Oh yeah, Elizabeth periodically mixes herself a drink. One of the bottles is filled with a green liquid. Are they drinking absinthe in this house? Is Jeffrey Combs going to use it to reanimate Walton? Is John Carpenter directing the green liquid?
Alas, we never find out…
Finally, after seven and a half hours, the husband enters the movie. George Maharis plays the husband. Maharis has one of those faces that you think you have seen many times because his face is an amalgamation of every leading actor from the 1970s.
Then you look at Maharis’s credit list, and you realize you fooled yourself. You have never seen Maharis in your life even though he appeared in The Sword and the Sorcerer.
Then you learn Maharis appeared in Playgirl and got arrested for cruising men’s rooms, and you realize…Yes! That’s where I knew him from!

Don’t Be A The Victim
The Victim has one of the most abrupt endings I’ve ever seen, probably the most abrupt ending I’ve seen since Desperado.
Maharis is obviously the killer, but the movie is so confused about that fact that eventually you become confused about it, too. Elizabeth and Maharis play cat-and-mouse conversation for an interminable time. Elizabeth pretends to know less than she does while asking pointed questions that Maharis brushes aside with excuses.

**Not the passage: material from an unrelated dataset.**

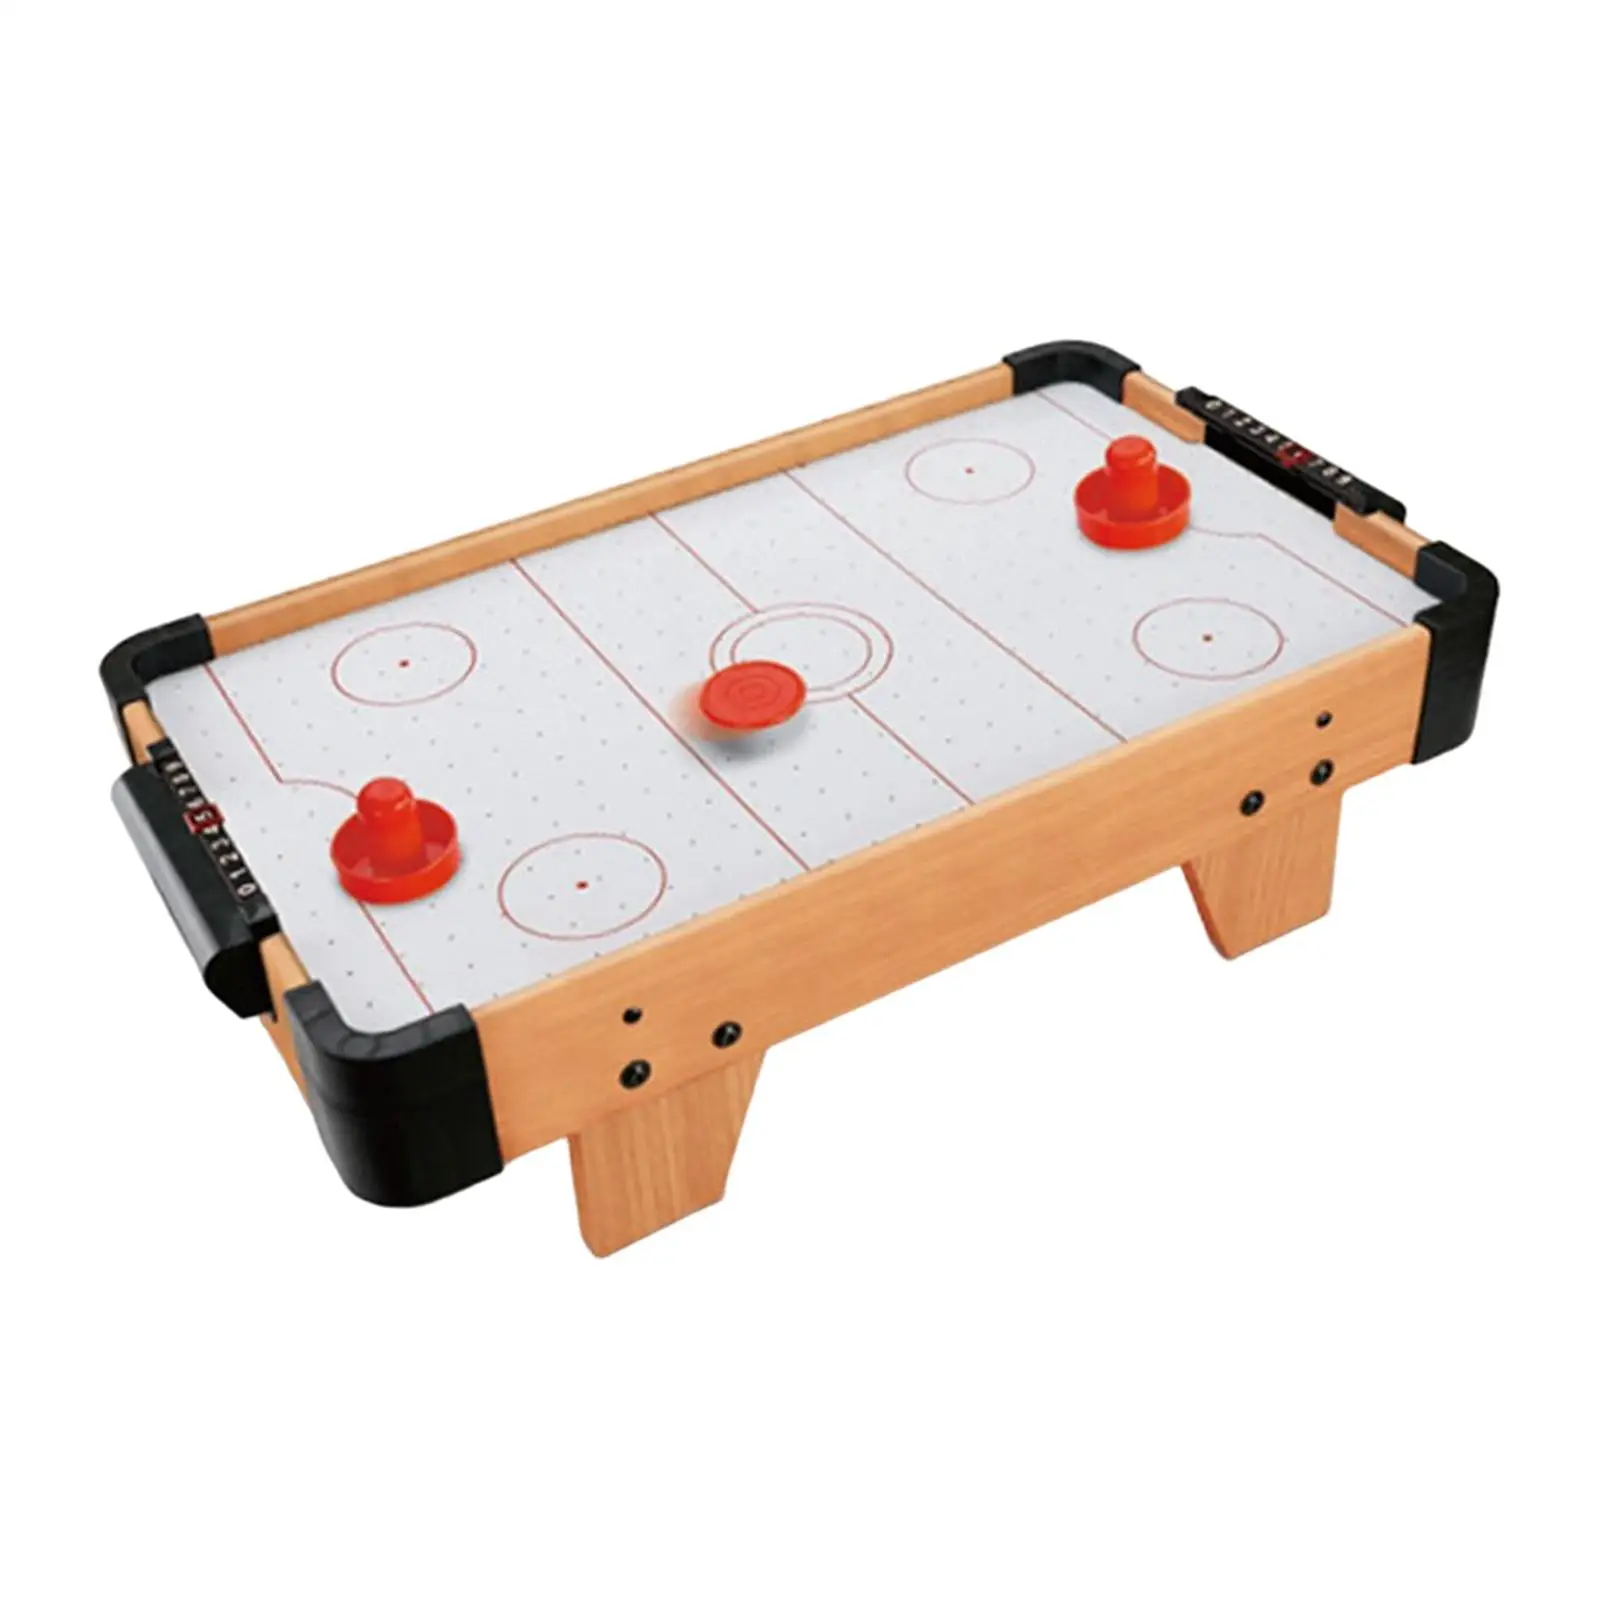 Air Hockey Table Paced Winner Board Game Family Game Parent Child Interactive with Sliders and Pucks for Girls Boys Kids Adults

My favorite part of all of this is when Maharis tries to calm Elizabeth down with booze. He gives her a glass and makes her chug it.
“Okay. One more. All of it this time. Come on. Drink it down.”

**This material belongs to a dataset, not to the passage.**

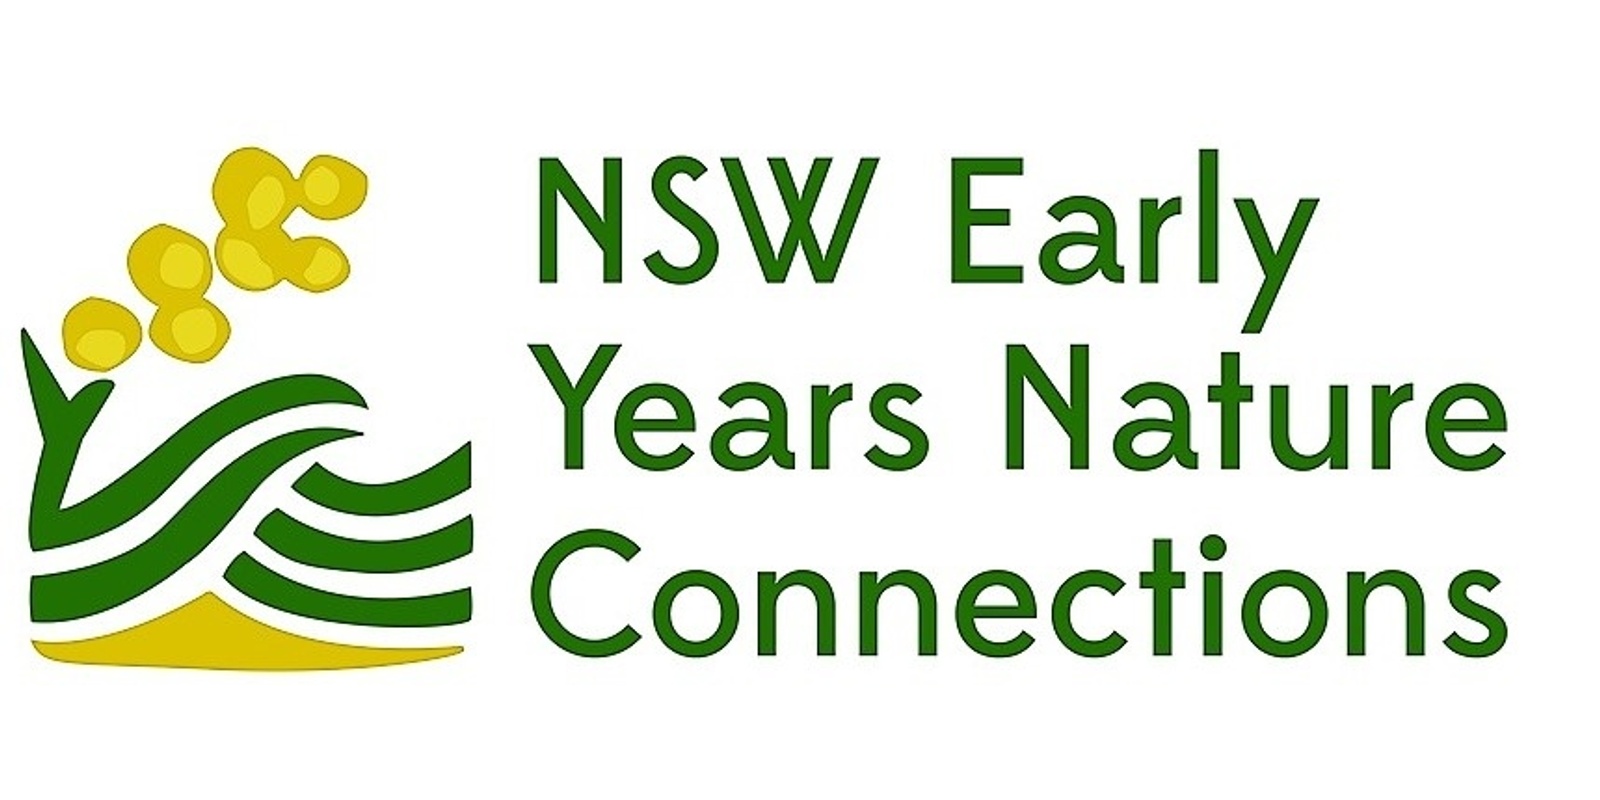 Early Years Nature Connections: The 'why' and 'how' of a nature play program

I’m pretty sure Bill Cosby wrote that line…
It all culminates with Elizabeth trying to escape in Walton’s car. Maharis chases. Elizabeth loses control of the car and crushes Maharis between it and a tree. It is hard not to laugh as Maharis is shown with his face pressed up against the glass like Patrick Kilpatrick in Remo Williams: The Adventure Begins.

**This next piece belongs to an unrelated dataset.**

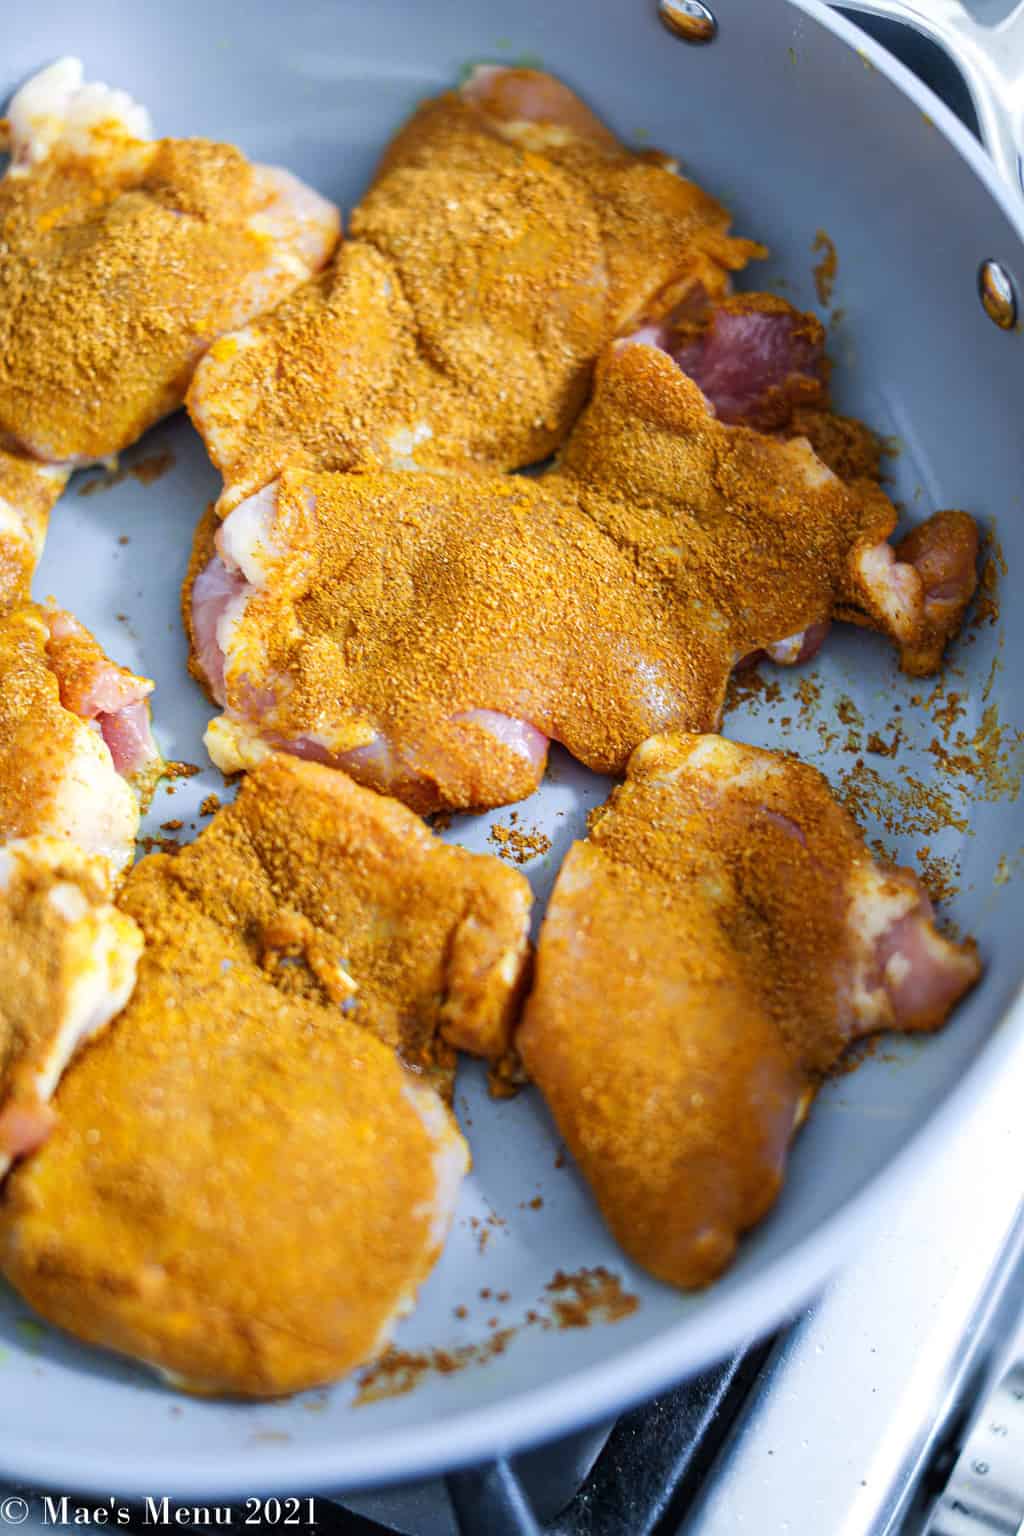 Turmeric rubbed chicken in a non-stick cook pan

Oh yeah, Heckart appears and yells something garbled. I had to put on captions to understand it. That didn’t work. Eventually, I found what she said on a Redditt thread. Apparently, she said, “No, Mr. Chappel! Let her go! I called the police!”
So, whether Heckart was in cahoots and had second thoughts or was simply a red herring is up for debate. We don’t have to care to debate it, though. It’s not that important.
Maharis doesn’t die. He is taken away by an ambulance at the end, and Elizabeth gives a thousand-yard stare to the camera, victimized by the experience of it all
The Victim
The Victim is a perfectly sound idea: woman alone in a house with a killer outside. It uses slasher POV before it became a mainstream thing. Elizabeth gives a decent performance that branches off from the comedic stuff she usually did. It is fun to look at all the 1970s things. Plus, If The Victim can’t keep it interesting, at least it keeps it short. Seventy-five minutes and we are out.